Clevudine [1-(2-deoxy-2-fluoro-β-L-arabinofuranosyl) thymine] is a nucleoside analog of the unnatural β-L configuration. Clevudine has potent activity against HBV and some activity against Epstein-Barr virus in vitro.4, 5 The 50% effective concentration for HBV inhibition values ranged from 0.02 μM to 0.84 μM in a variety of systems used to evaluate the inhibitory effect of clevudine on wild-type HBV. These values are comparable with those determined for lamivudine and emtricitabine and are fivefold less than that for adefovir in the equivalent in vitro systems.6 The effect of clevudine on mitochondrial structure and function has been studied at concentrations ranging from 1 μM to 1 mM by measuring lactic acid production, mitochondrial DNA content, and structural effects. At all the concentrations tested, clevudine had no effect on mitochondrial structure, DNA content, or function. The lack of cytotoxicity reflects the inability of human cellular DNA polymerases α, β, γ, and δ to use the 5′-triphosphate of clevudine as a substrate.7, 8
The mechanism by which clevudine exerts its antiviral effects is believed to be mediated by the intracellular formation of the monophosphate, diphosphate, and triphosphate forms.5 Clevudine enters cells through both facilitated nucleoside transport and nonfacilitated passive diffusion and is a substrate for three intracellular kinases responsible for its phosphorylation.9 These features suggest that relatively low plasma levels of clevudine may achieve therapeutic levels of clevudine triphosphate in target cells. In woodchucks infected with the woodchuck hepatitis virus, clevudine produced up to 1000-fold decreases in plasma woodchuck hepatitis virus DNA and to the lower limit of detection of the assay used.10 Serum woodchuck hepatitis virus DNA remained undetectable for up to 56 weeks after woodchuck hepatitis virus-infected animals were given oral doses of 10 mg/kg daily clevudine for 12 weeks.11 A single-dose pharmacokinetic study in healthy volunteers showed a plasma half-life of the drug exceeding 24 hours and supported a once daily administration.12 From drug exposure in the latter study, assessed by the plasma area under the curve, and in woodchucks, doses larger than 50 mg once daily were considered to be necessary to reach efficacy.
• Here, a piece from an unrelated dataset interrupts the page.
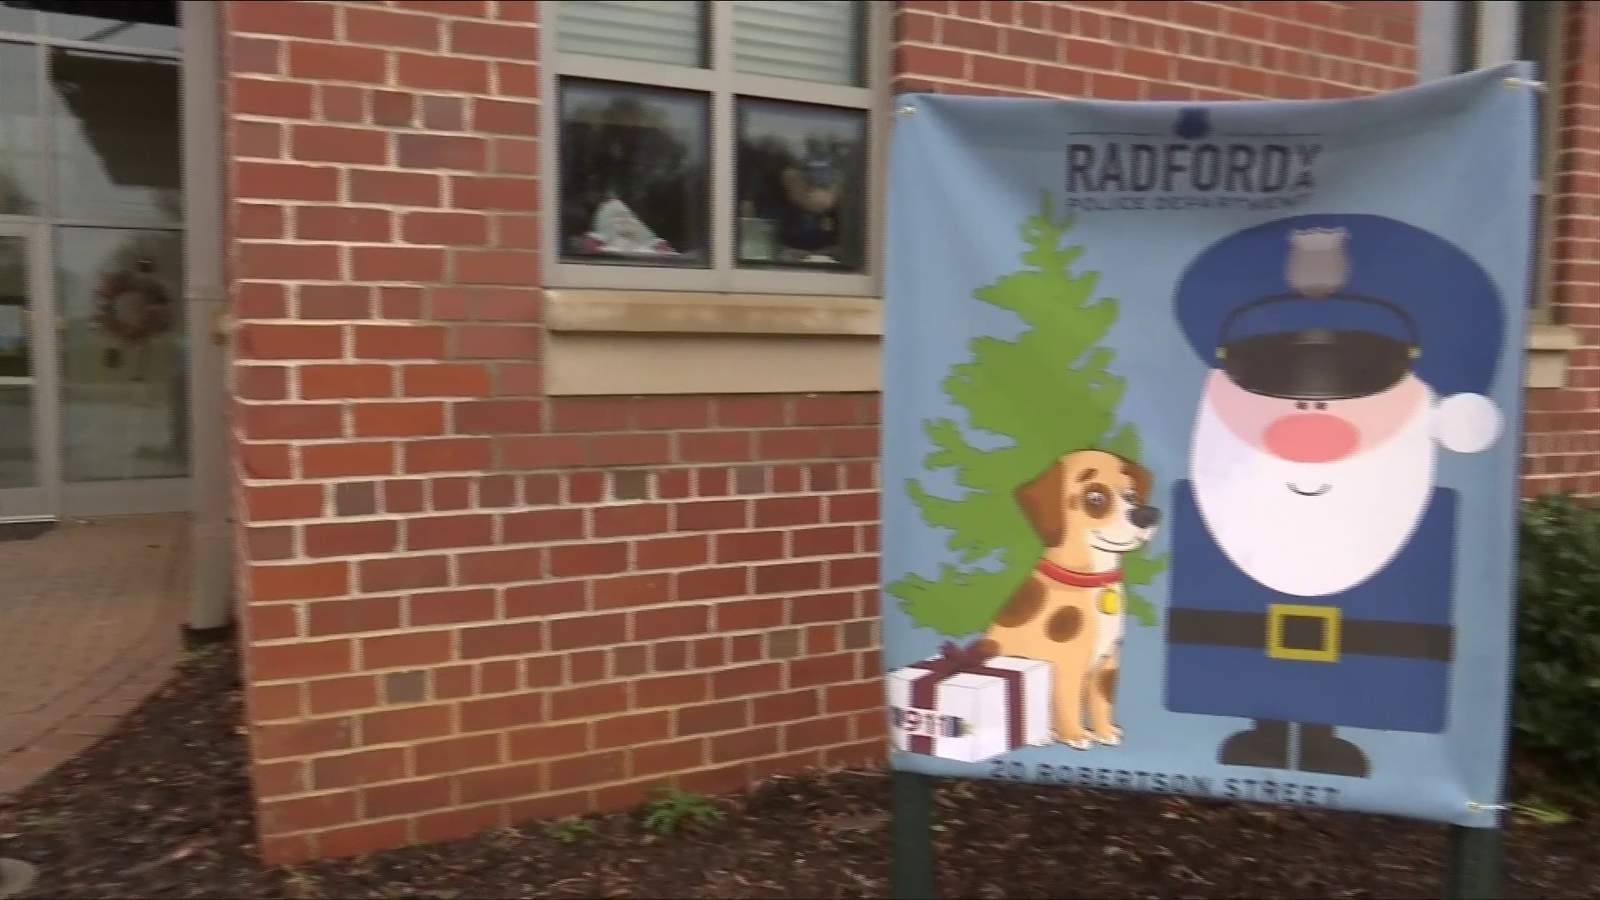 Radford police dispatchers assisted kids on Christmas Eve Santa search

Further research is ongoing to elucidate the mechanism of this prolonged suppression. We describe here administration of clevudine to patients with chronic HBV infection.
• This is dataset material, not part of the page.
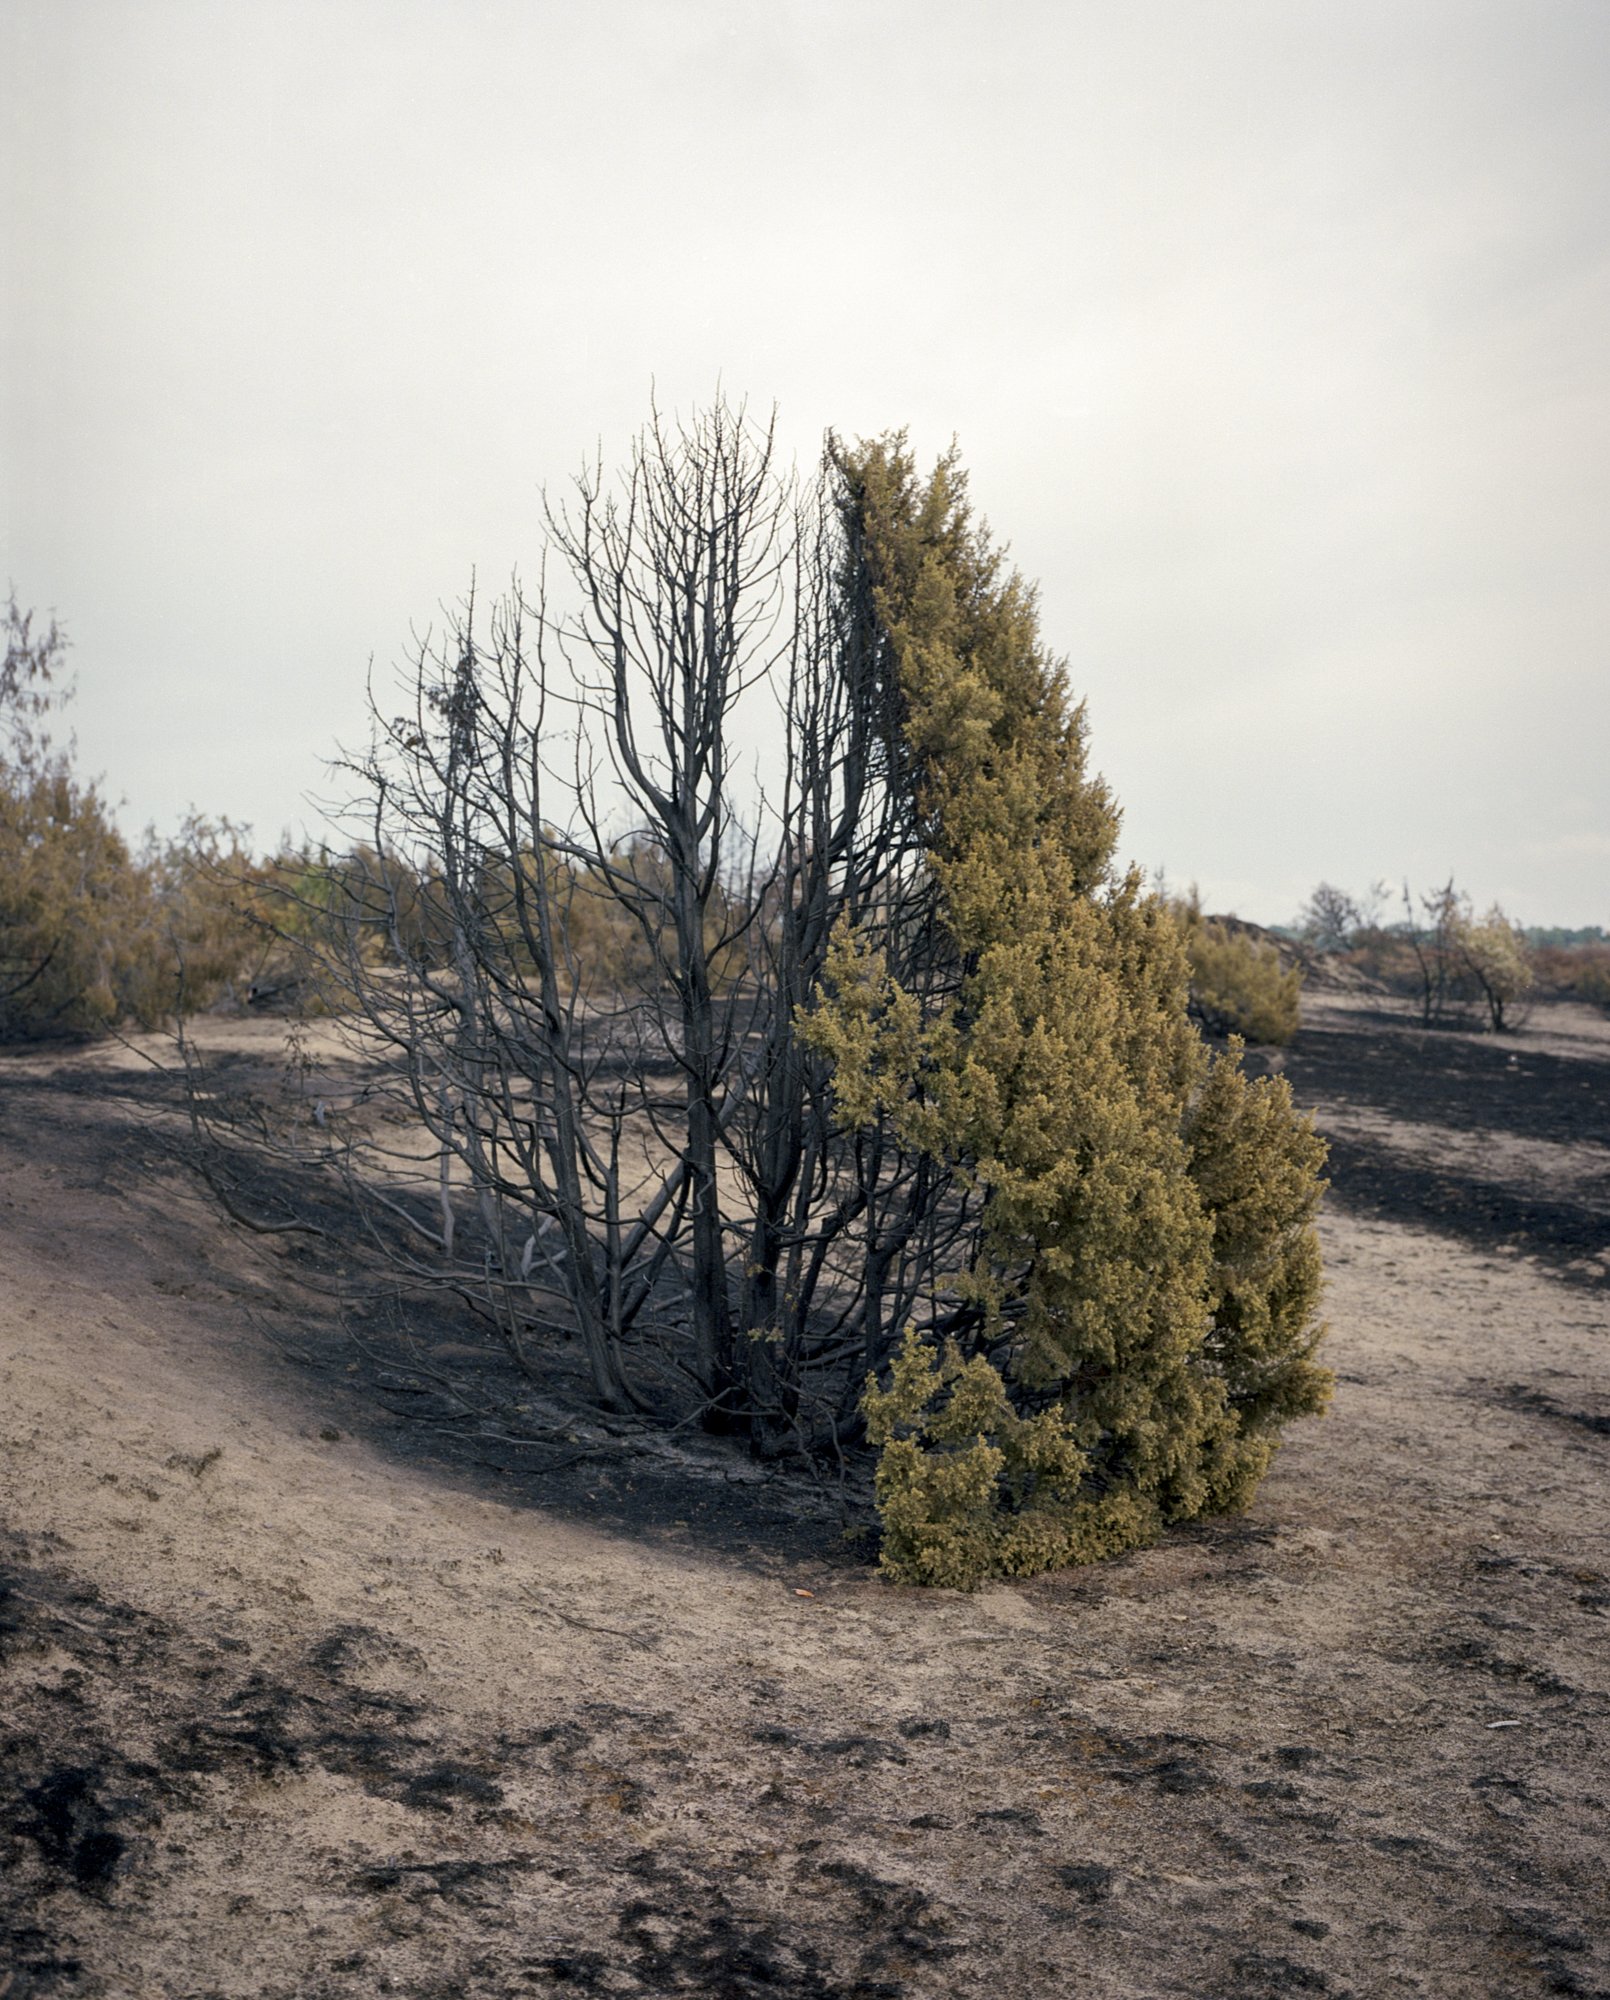  A half-burnt tree remained from the biggest forest fire of late summer.  Táborfalva, Hungary, 2022

HBV, hepatitis B virus; HBeAg, hepatitis Be antigen; LOD, limit of detection.
Patients and Methods
The study was conducted at a total of seven sites in Canada, France, Hong Kong, and South Korea. Eligible patients were female or male from 18 to 60 years of age with chronic hepatitis B defined as the presence in serum of hepatitis B surface antigen for more than 6 months, with or without hepatitis Be antigen (HBeAg), but with HBV DNA levels of more than 3 × 106 copies/mL. Patients had to not have undergone nucleoside therapy at entry, and, if applicable, the last interferon treatment must have ended 6 months before enrollment. Patients with human immunodeficiency virus or hepatitis C virus seropositivity, with alanine aminotransferase (ALT) or aspartate aminotransferase levels greater than 10 times the upper limit of the normal range, with evidence of cirrhosis or hepatocellular carcinoma, or with other significant diseases were not eligible for participation in the study. Breastfeeding or pregnant women or those of childbearing age unwilling to use two effective contraceptive methods also were excluded.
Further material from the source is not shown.